Paul Eph. IV, 3 : « que leurs noms ne soient pas prononcés parmi vous » et nous devons toujours marcher sur le chemin du Seigneur. Celui qui gravit la montagne du Seigneur est choisi par le Seigneur.

Le bienheureux Martin entreprit donc l’ascension, parce qu’il fut instruit par le bienheureux Hilarion et devint clerc de son fait.

En second lieu, le bienheureux Martin passa du statut clérical au statut régulier, puisqu’il fut moine en Italie. « Celui qui s’engage dans le combat se tient éloigné de tous » d’autant plus l’homme se tient –il éloigné de ceux qui mettent obstacle à son travail ?

Son combat est d’autant plus légitime. Les gens du monde ont des affaires temporelles, mais les religieux n’en ont pas, de manière à ce qu’elles ne leur créent pas d’obstacles.

De cette ascension, on dit en Genèse XXXV, 3 : « montons à  Béthel et habitons ici » Il ajoute : « nous rappelant » en avançant en aucune manière au-delà. Les religieux doivent s’en tenir à la religion et ne pas en sortir, si ce n’est en ce qui concerne le salut de leurs âmes.

En troisième lieu, le bienheureux Martin est passé du statut régulier à l’état épiscopal : cette ascension est directe. Où est-il monté ? Assurément au ministère de l’autel et à l’administration des sacrements ecclésiastiques.

De cette ascension, il est dit dans l’Ecclésiastique I, 12 : « dans l’ascension de son autel sacré, il a la gloire couverte de sainteté ».

En quoi le Seigneur a-t-il ainsi glorifié Martin ?

Assurément quand un globe de feu est apparu au-dessus de lui quand il présentait le sacrement de l’autel. De même, il est monté vers le salut des peuples.

Ainsi au livre des Proverbes XXVIII, 42 : « dans l’exaltation des justes, beaucoup de gloire ; quand règnent les impies, ruine des hommes. »

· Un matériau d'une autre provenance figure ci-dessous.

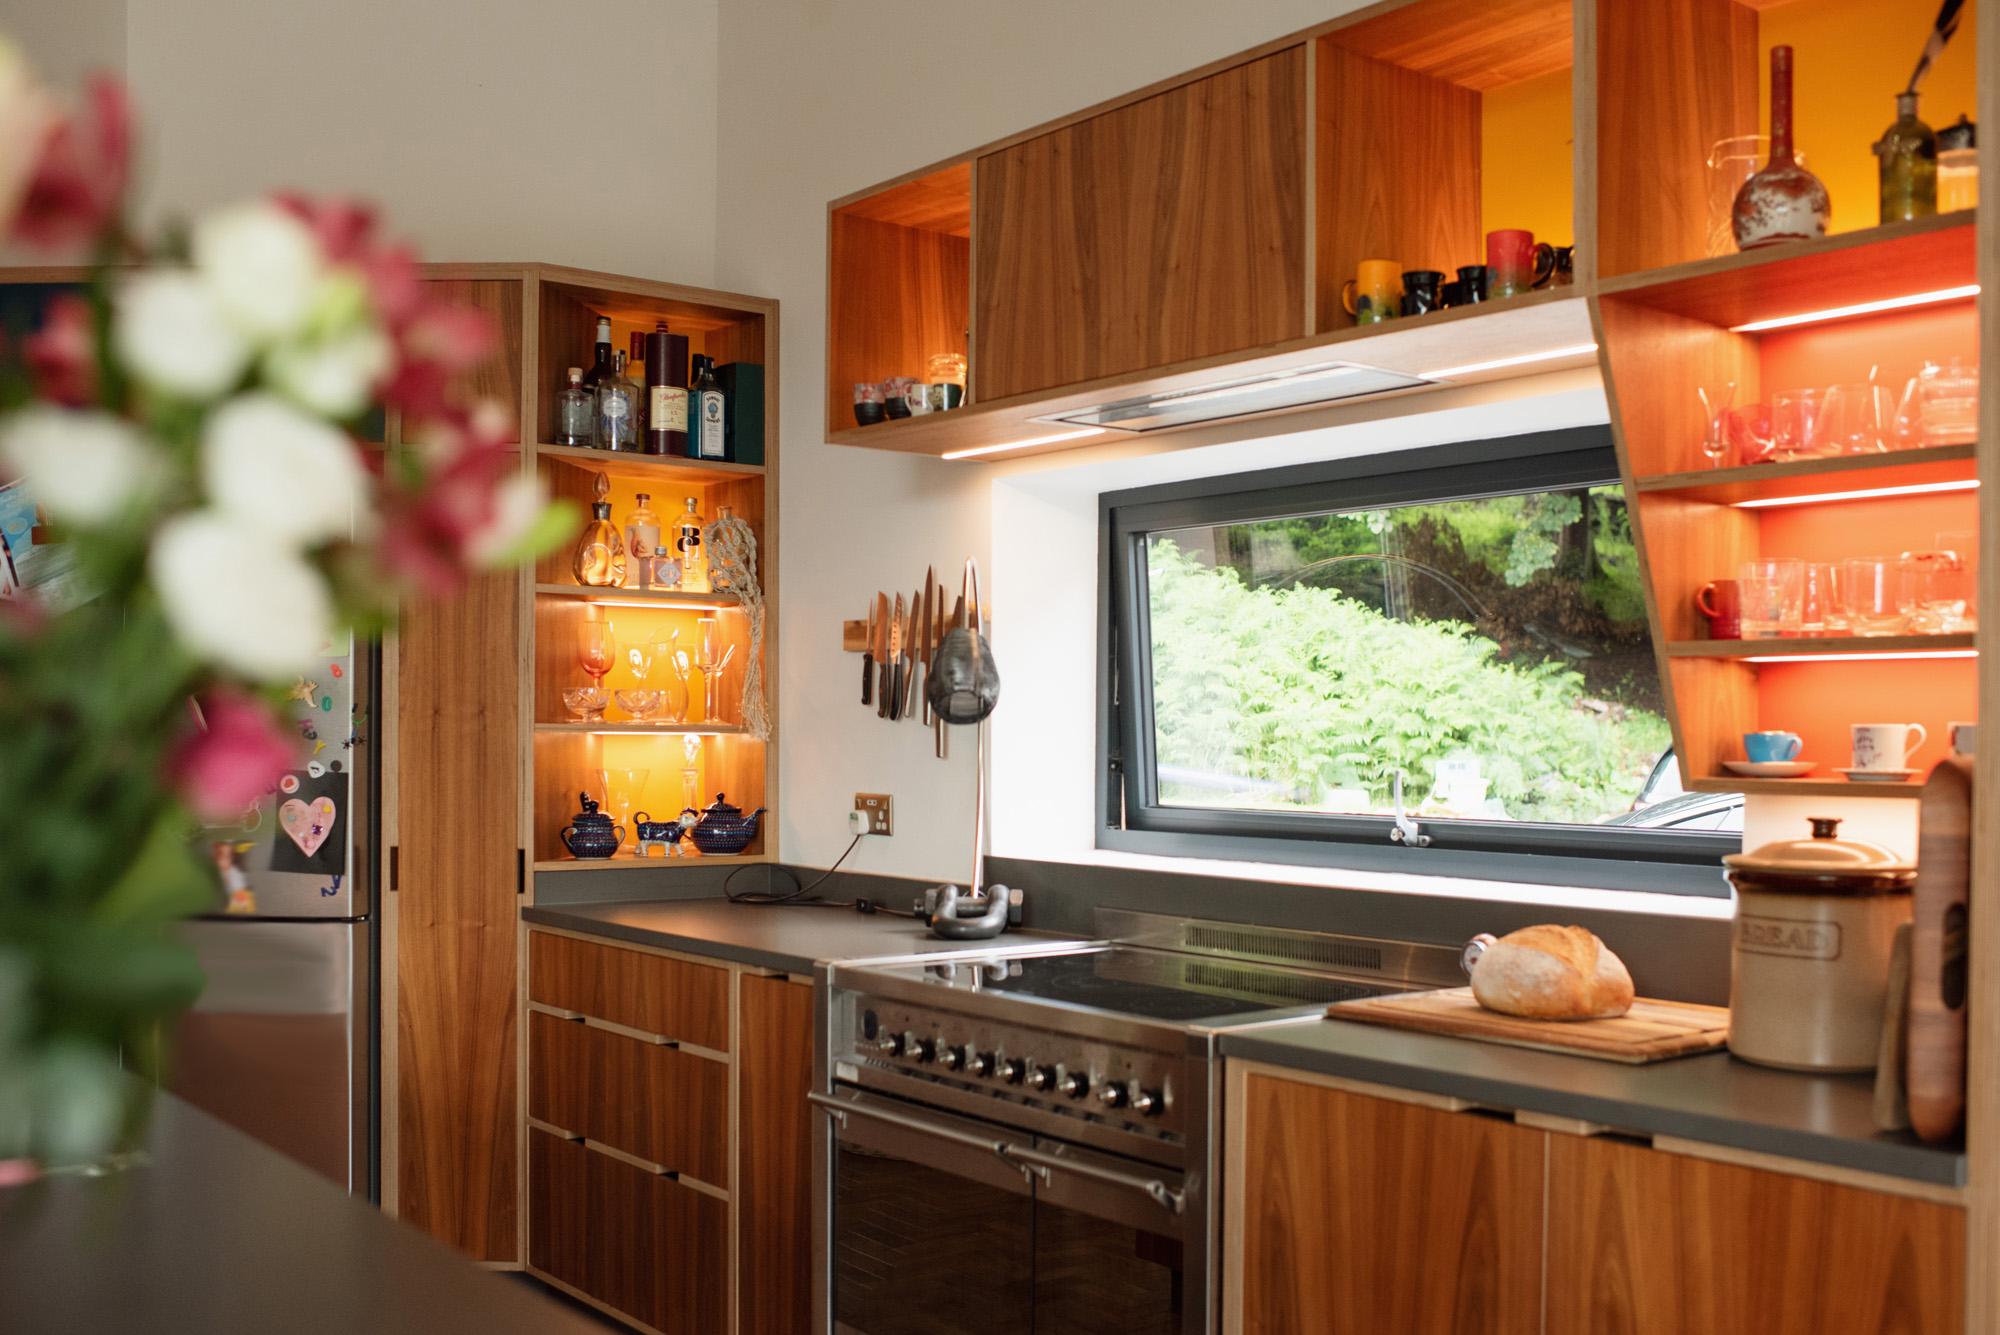 Walnut kitchen with picture window

Un mauvais évêque est ruine pour beaucoup. IL est dit en Abdias 27 : « montant en sauveurs sur la montagne »  c’est-à-dire que les prélats doivent faire l’ascension pour le salut des âmes. Mais le Seigneur se plaint des mauvais en Ezéchiel XIII, 2 : « vous n’êtes pas montés de l’adversité, mais vous vous êtes placés contre le mur devant la maison du Seigneur », c’est-à-dire contre les hérétiques et d’autres mauvais.

Donc le bienheureux Martin a atteint le second état d’une triple manière.

Ainsi le Pape Symmachus : « il doit être considéré au plus bas, à moins qu’il ne l’emporte en science et en sainteté, celui qui est plus élevé en dignité. Ce n’est rien d’être clerc si on ne l’emporte pas en vertu sur le laïc. Pareillement, ce n’est rien d’être moine ou évêque, si on ne l’emporte pas sur les autres par la sainteté de sa vie. »

Ainsi, on recherche pour celui qui a atteint le second état, ce qu’il atteindrait même par son mérite.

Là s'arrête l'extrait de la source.